### PROVIDED MATERIAL
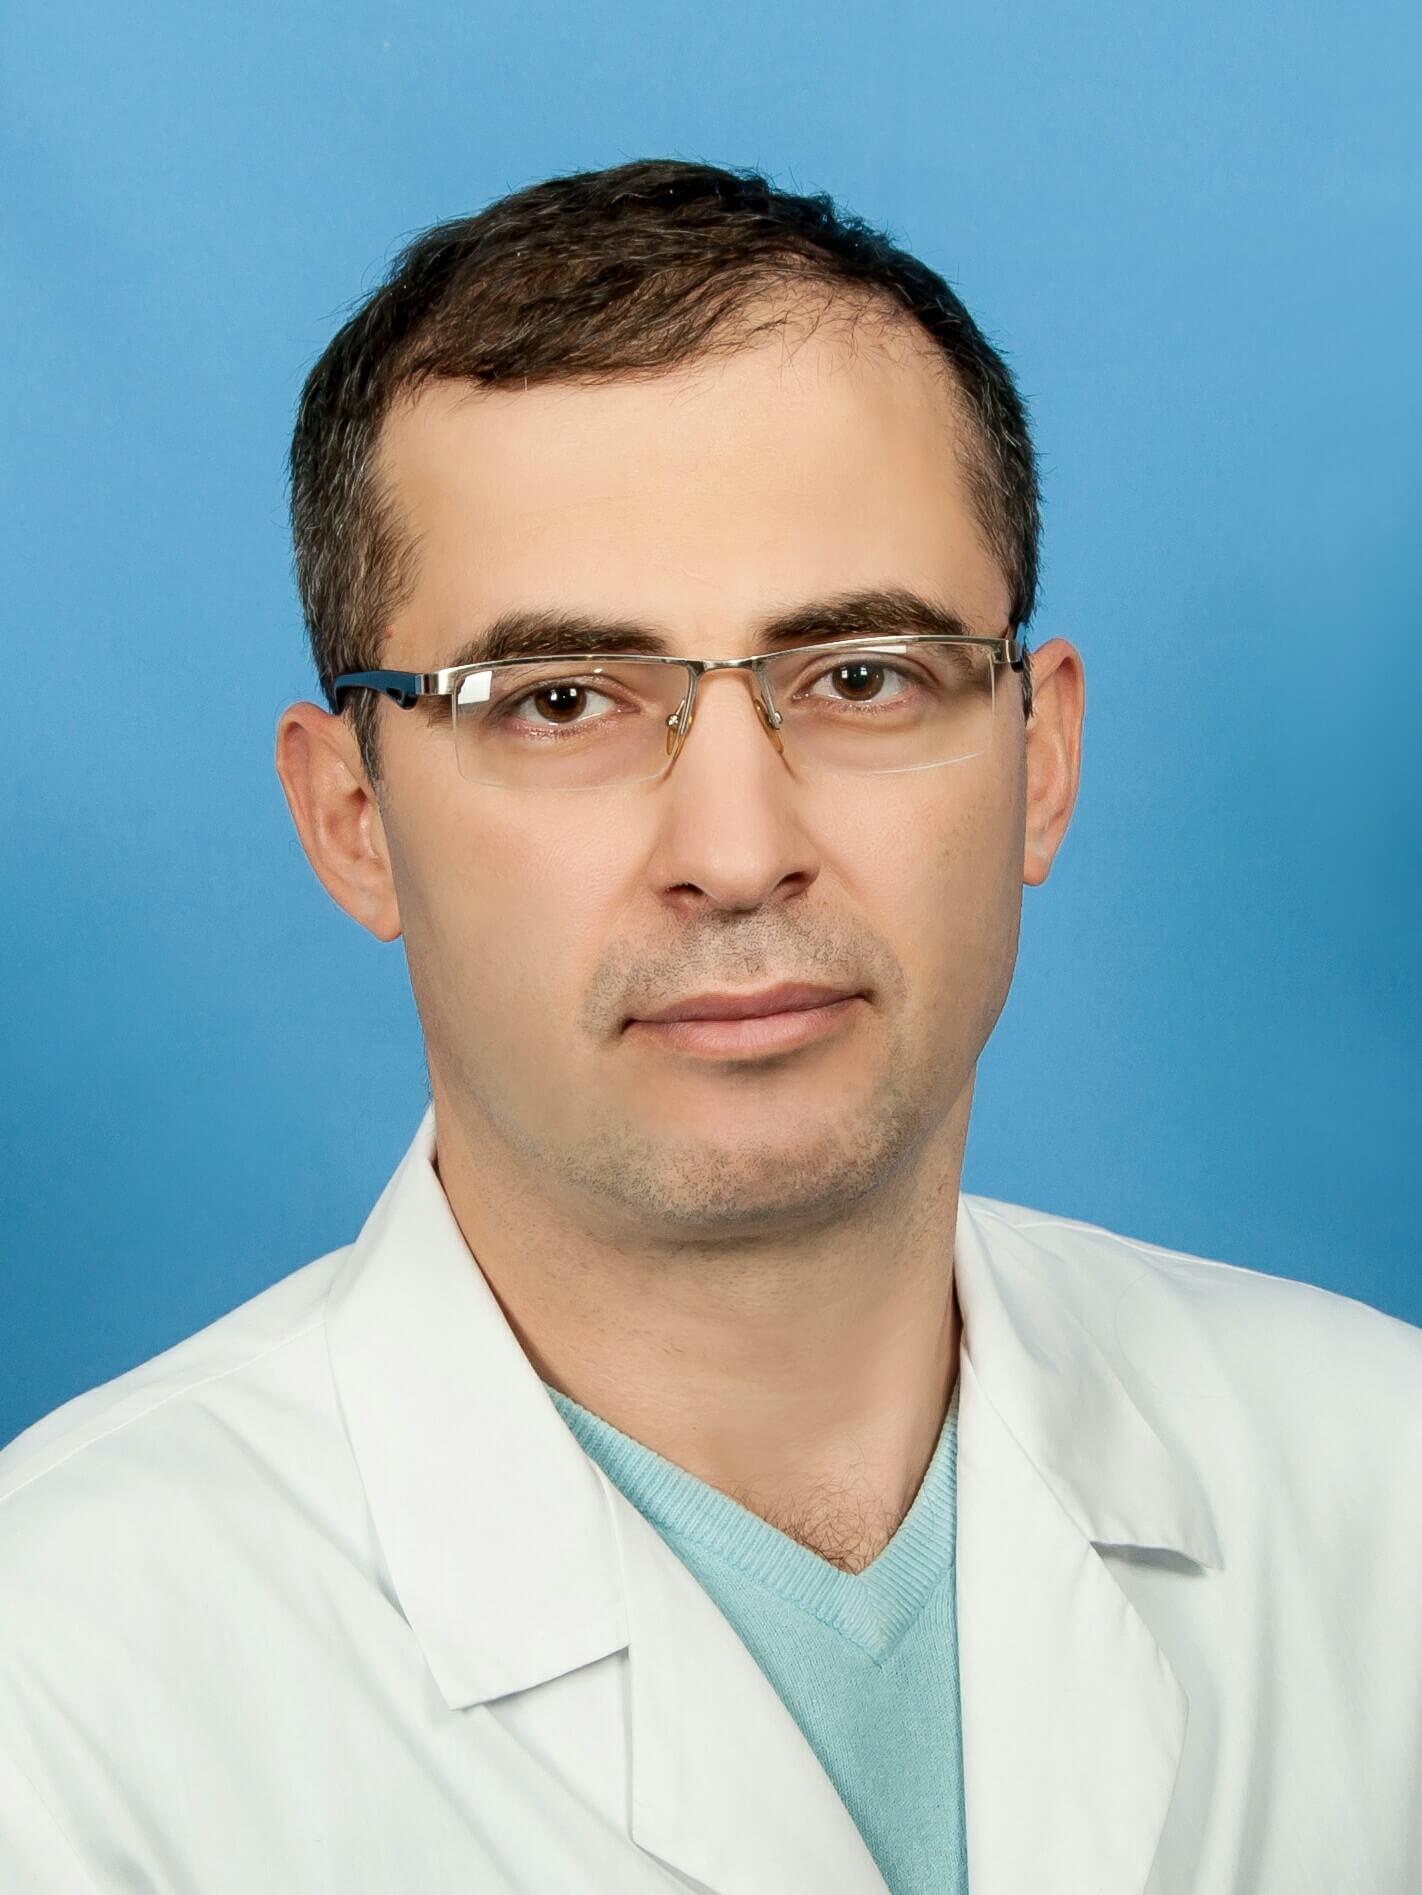 Врач УЗИ, хирург Газимагомедов З.М.
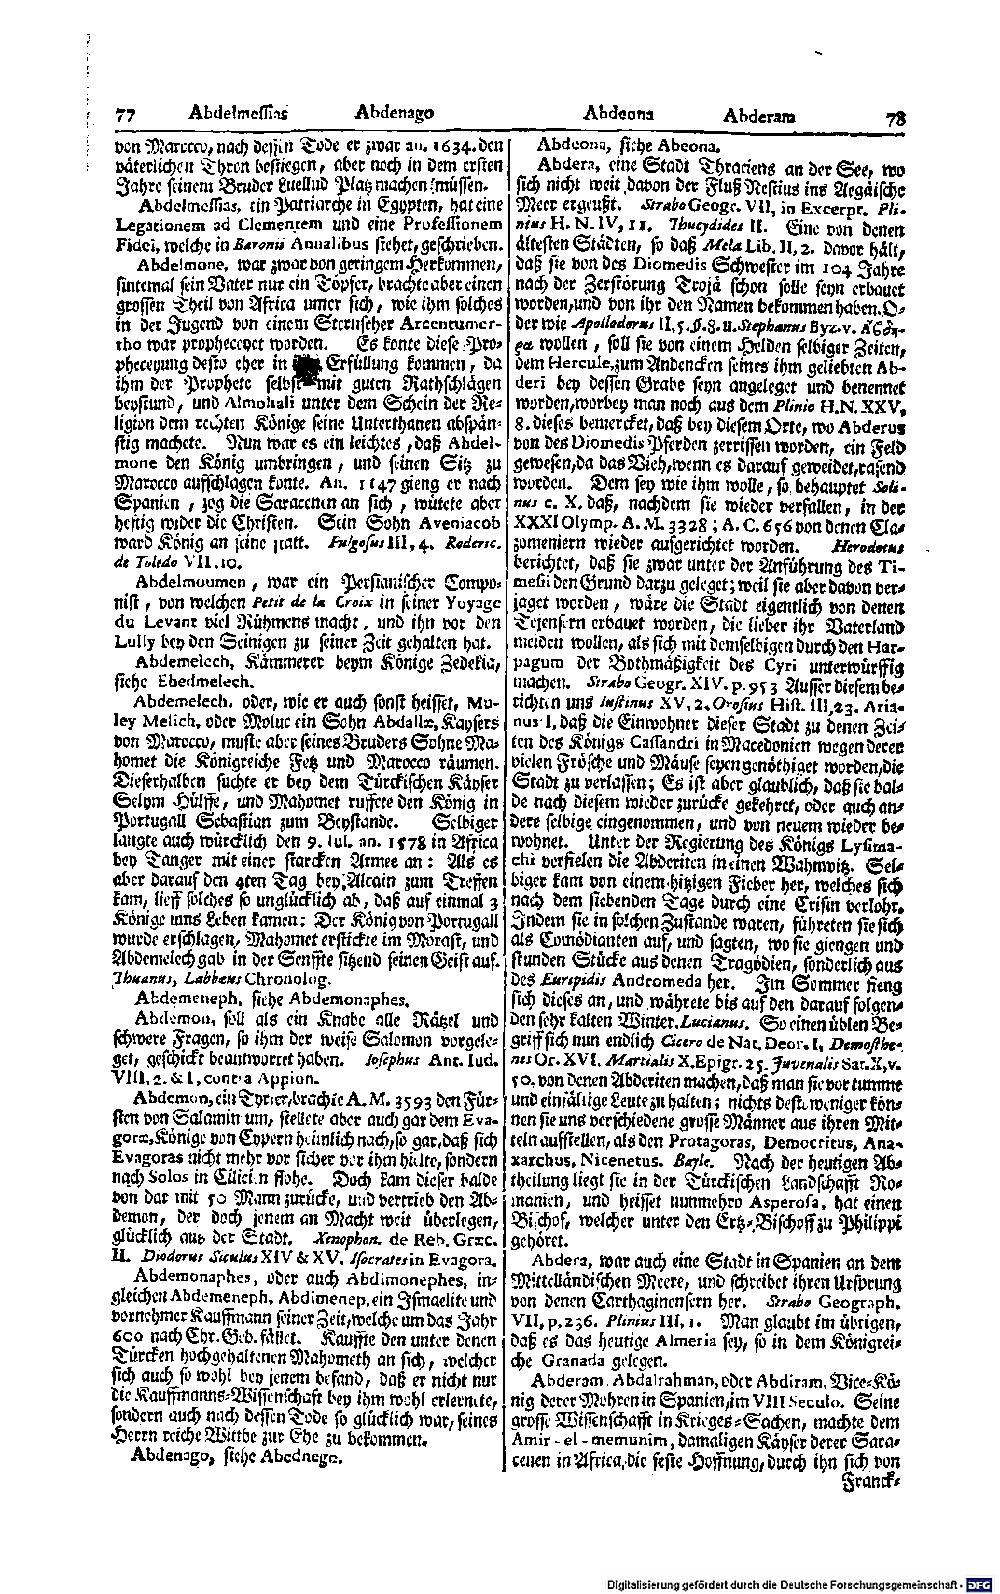 Bd. 01, Seite 0078.
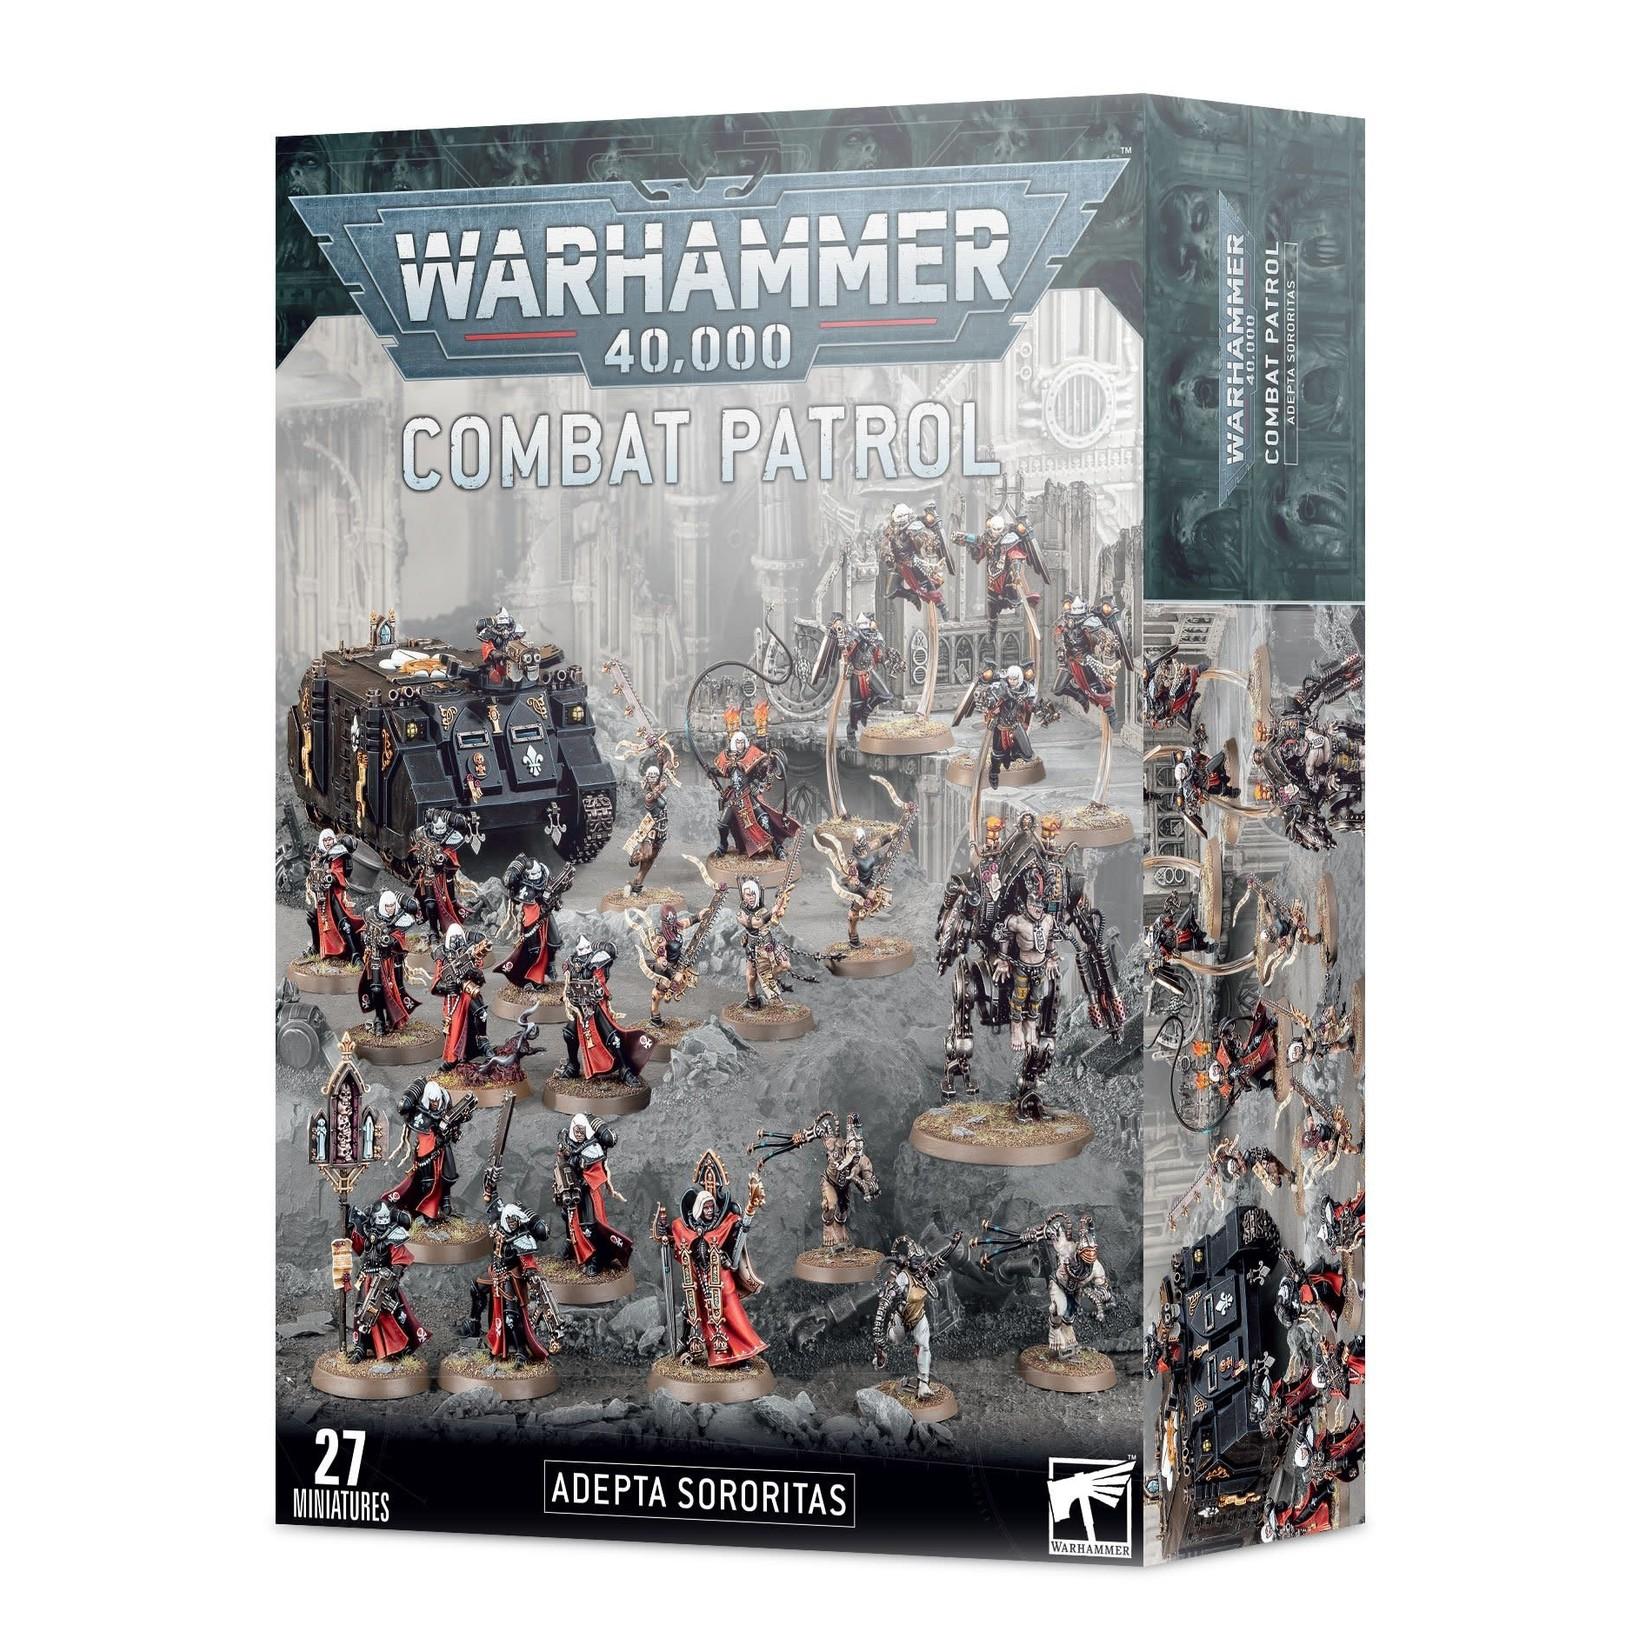 Warhammer 40K Combat Patrol - Adepta Sororitas

### ABOUT THIS EXERCISE
All lines from the one containing "Bd. 01, Seite 0078." through the end of the data are to be written out exactly, with nothing added; skip the pictures.

### ANSWER BOX
 Bd. 01, Seite 0078.
 Warhammer 40K Combat Patrol - Adepta Sororitas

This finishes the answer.